▶ What this task involves: Go through the records below and set each one down exactly, leaving out any pictures.

▶ Input data:
.....

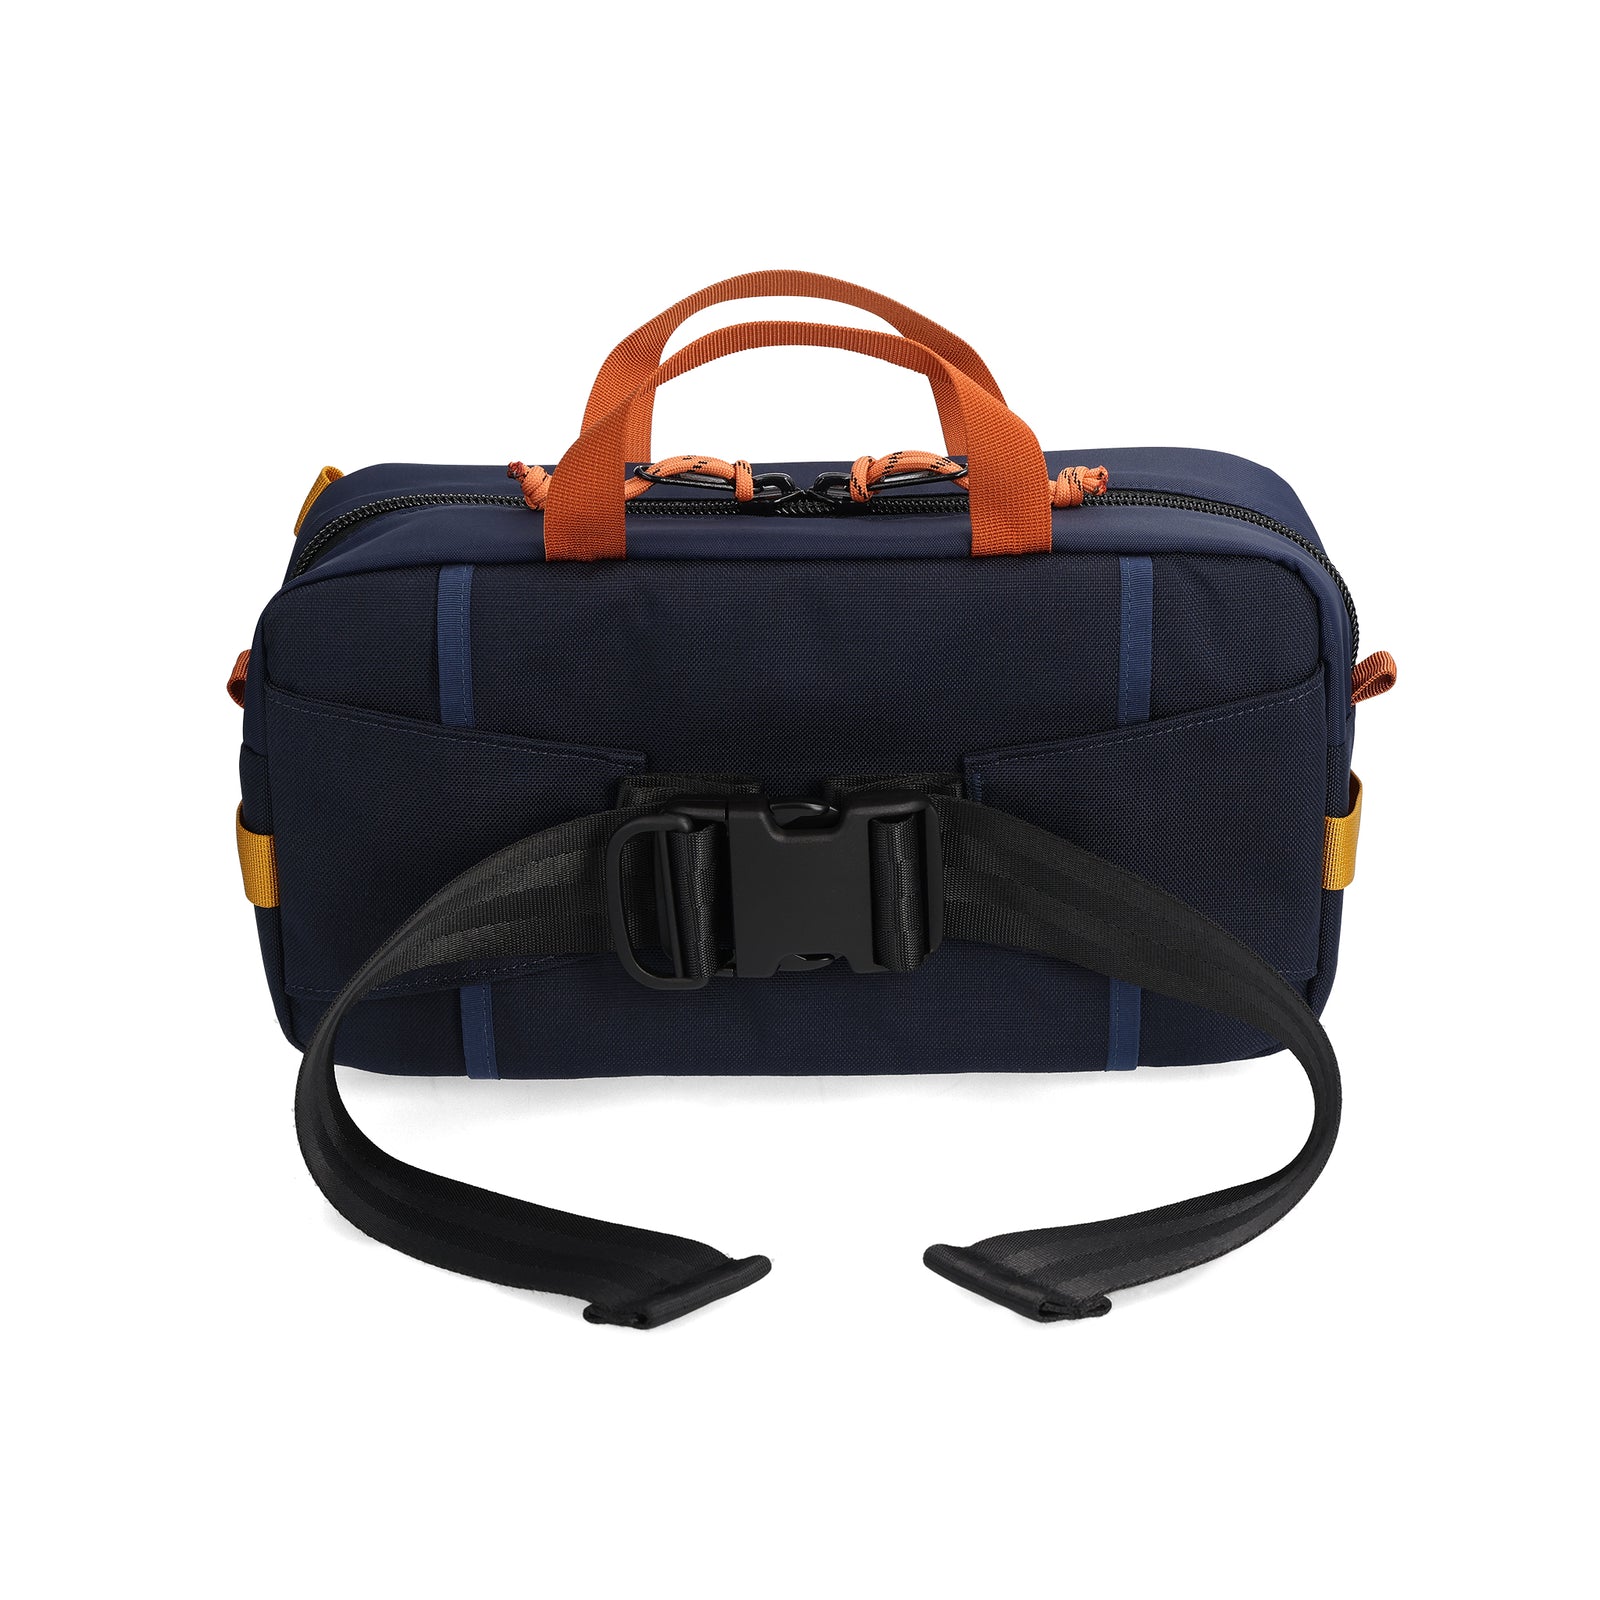 Back View of Topo Designs Quick Pack  in "Navy / Multi"
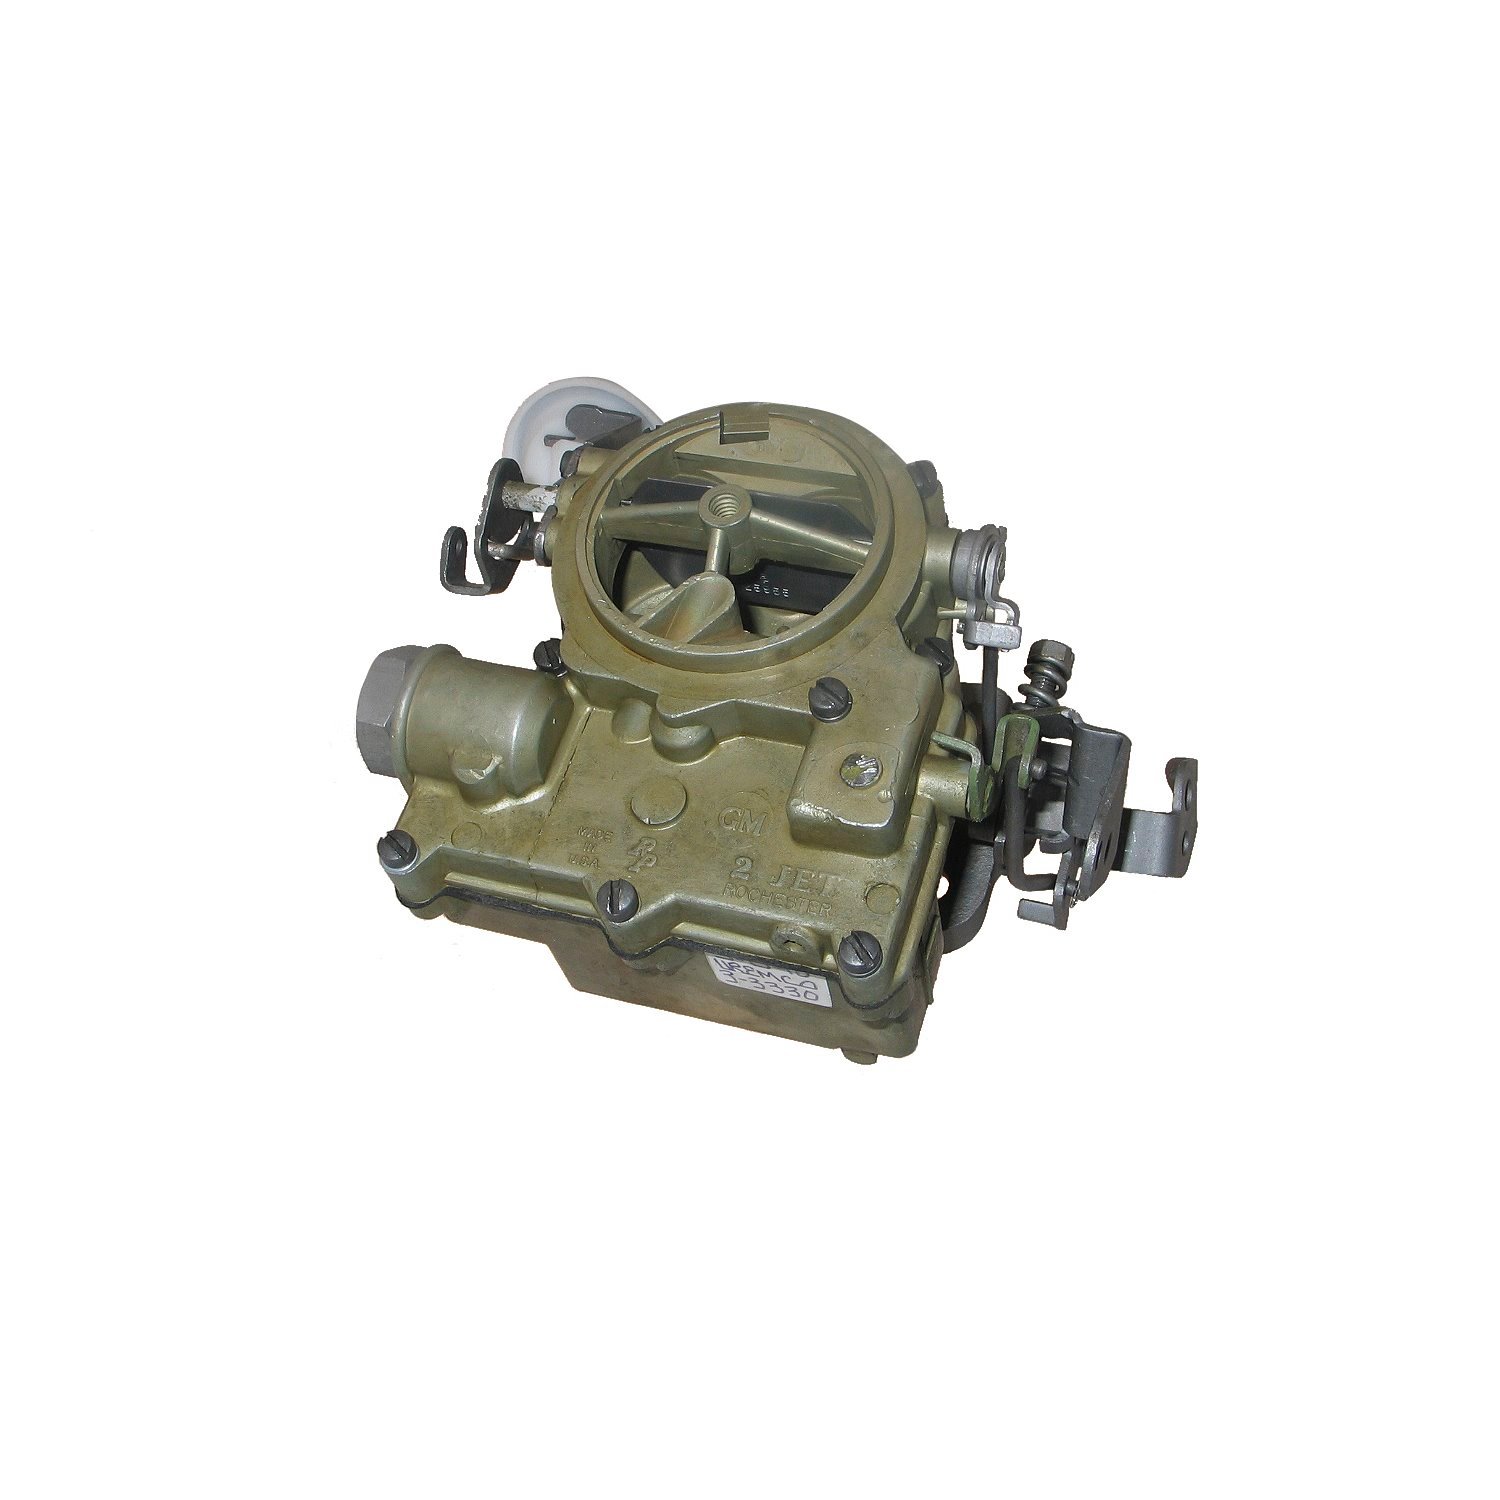 3-3430 Rochester Remanufactured Carburetor, 2G -Style
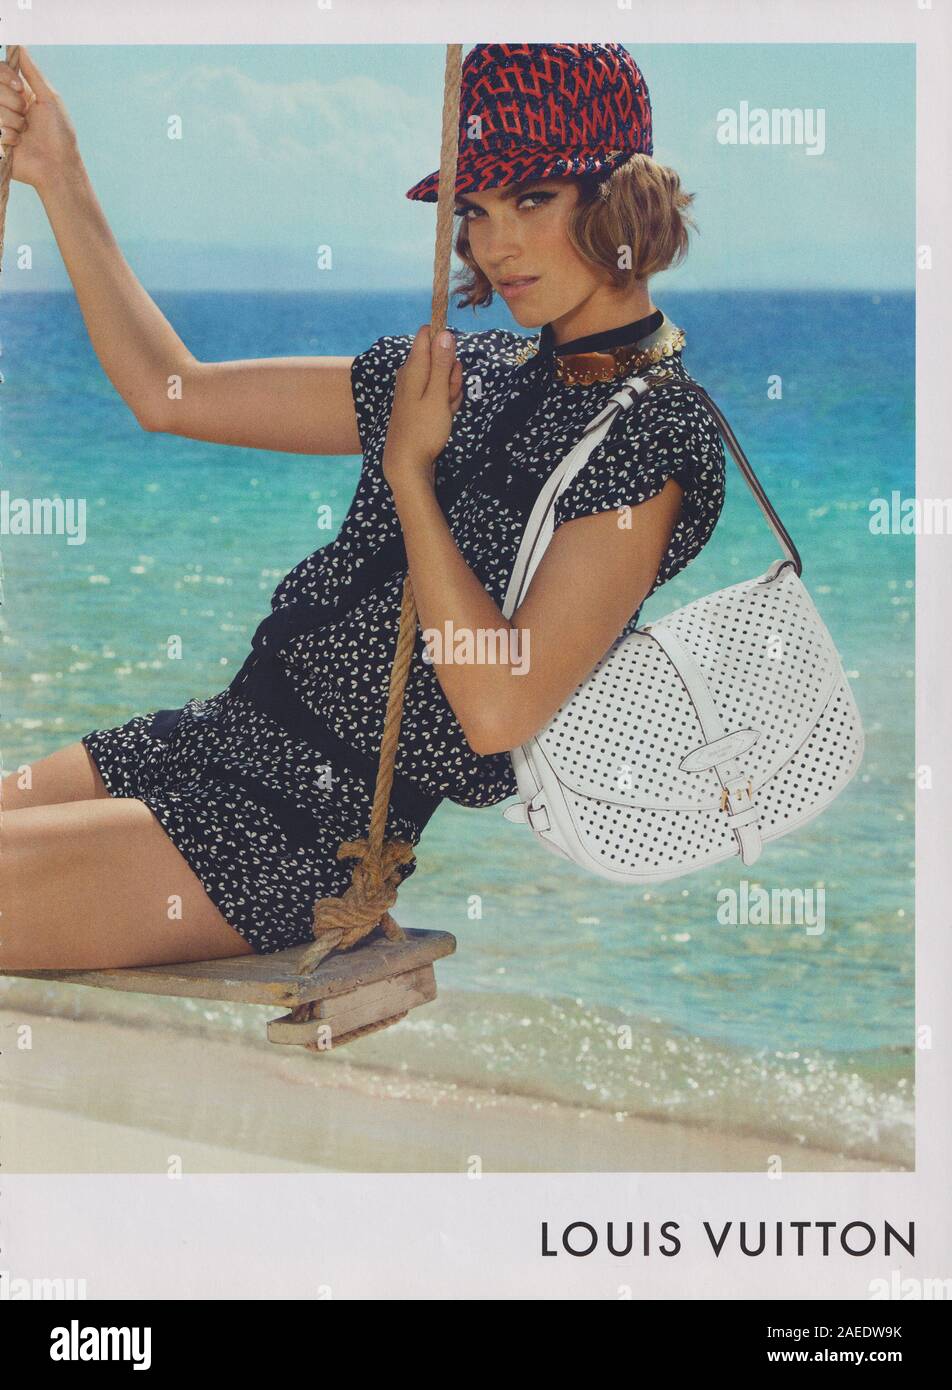 poster advertising Louis Vuitton handbag in paper magazine from 2012 year,  advertisement, creative LV Louis Vuitton advert from 2010s Stock Photo -  Alamy
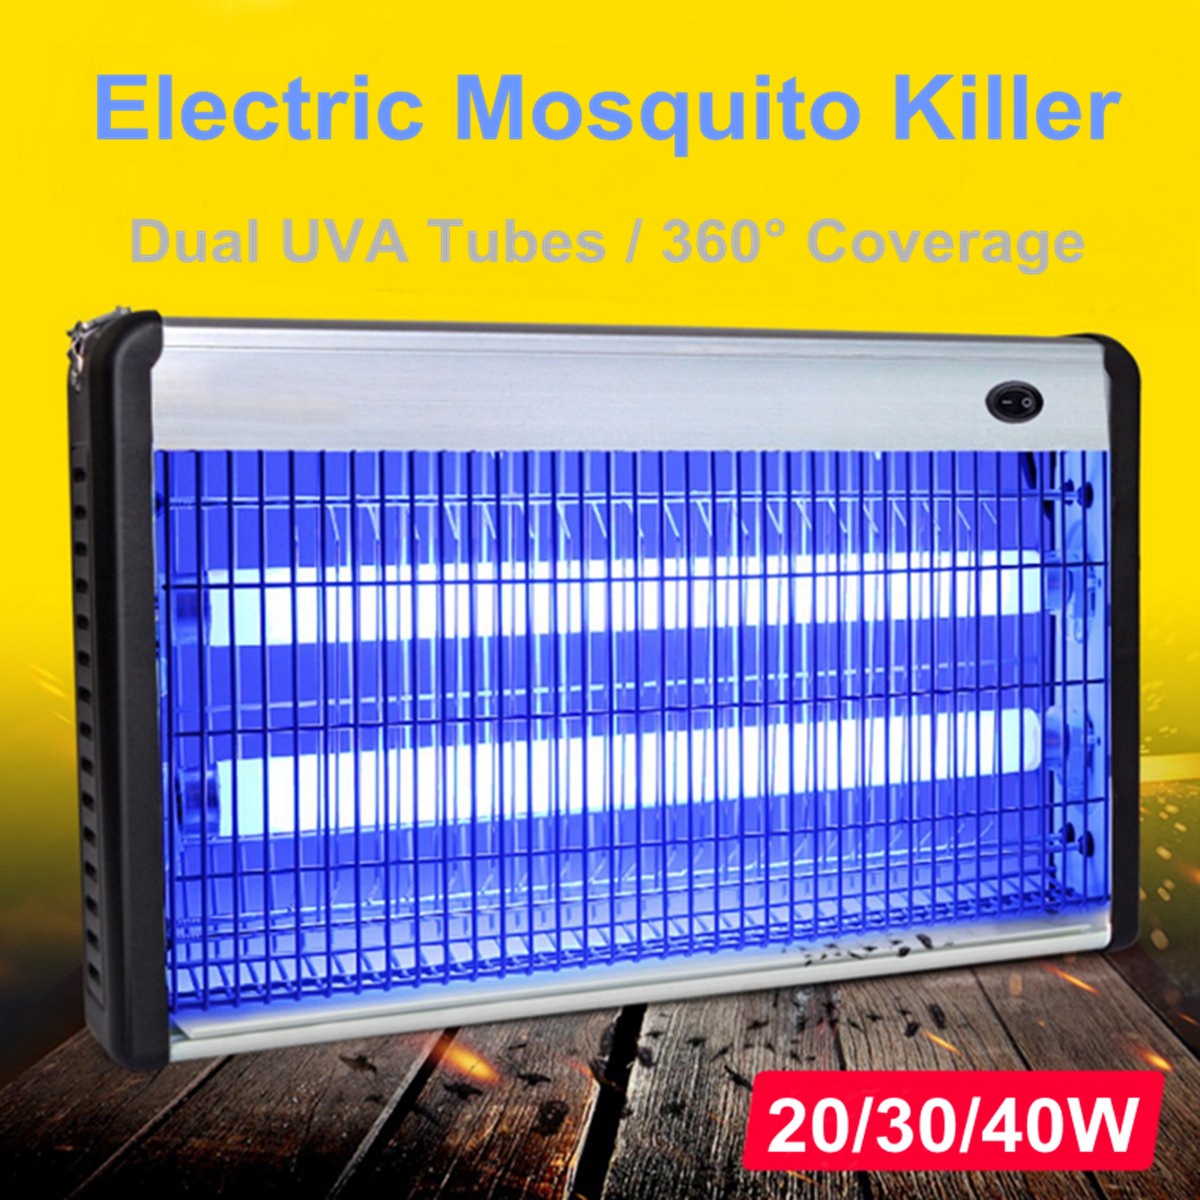 203040W-Electric-LED-Light-Mosquito-Killer-UV-A-Fly-Bug-Insect-Zapper-Trap-Catcher-Lamp-1421784-1
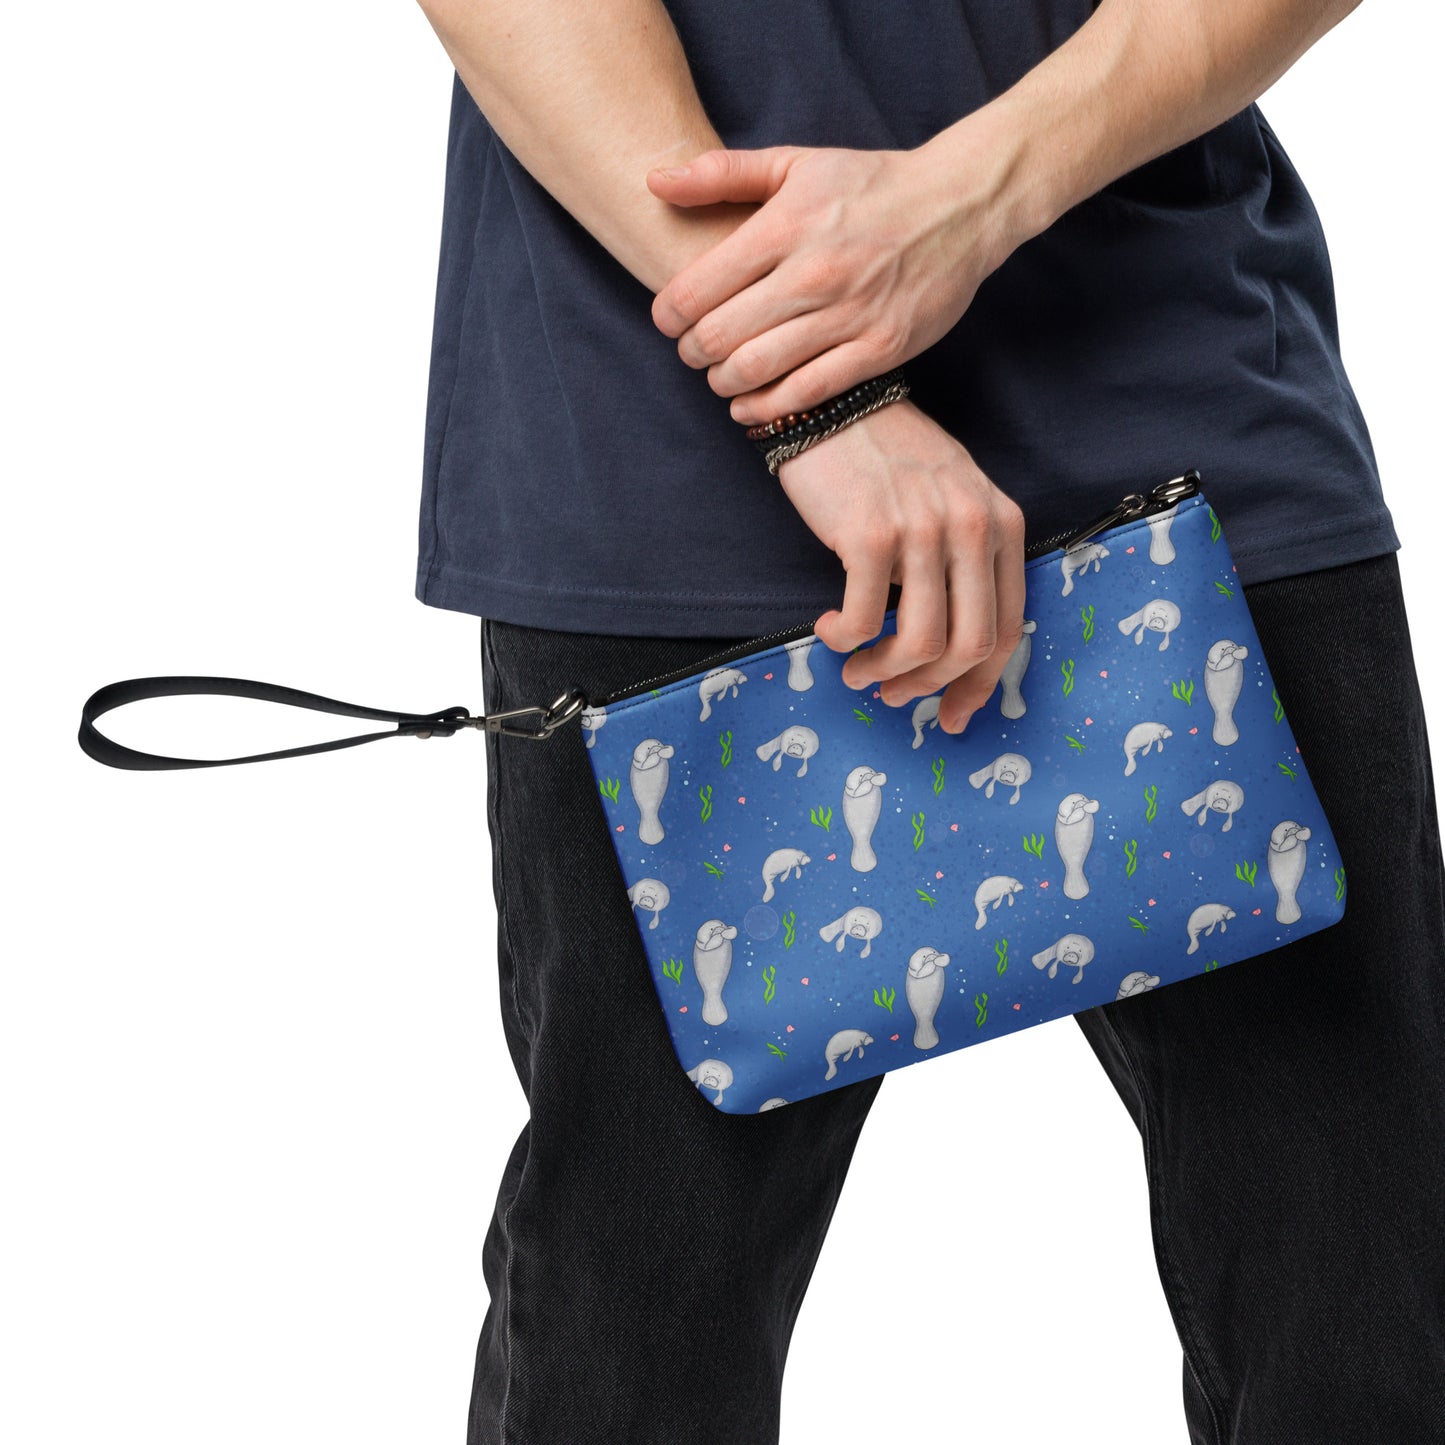 Manatee crossbody bag. Faux leather with polyester lining and dark grey hardware. Comes with adjustable removable wrist and shoulder straps. Back view of bag with manatees patterned on a dark blue background. Shown in model's hand.

.....

▶ Exercise response:
 Back View of Topo Designs Quick Pack  in "Navy / Multi"
 3-3430 Rochester Remanufactured Carburetor, 2G -Style
 poster advertising Louis Vuitton handbag in paper magazine from 2012 year,  advertisement, creative LV Louis Vuitton advert from 2010s Stock Photo -  Alamy
 203040W-Electric-LED-Light-Mosquito-Killer-UV-A-Fly-Bug-Insect-Zapper-Trap-Catcher-Lamp-1421784-1
 Manatee crossbody bag. Faux leather with polyester lining and dark grey hardware. Comes with adjustable removable wrist and shoulder straps. Back view of bag with manatees patterned on a dark blue background. Shown in model's hand.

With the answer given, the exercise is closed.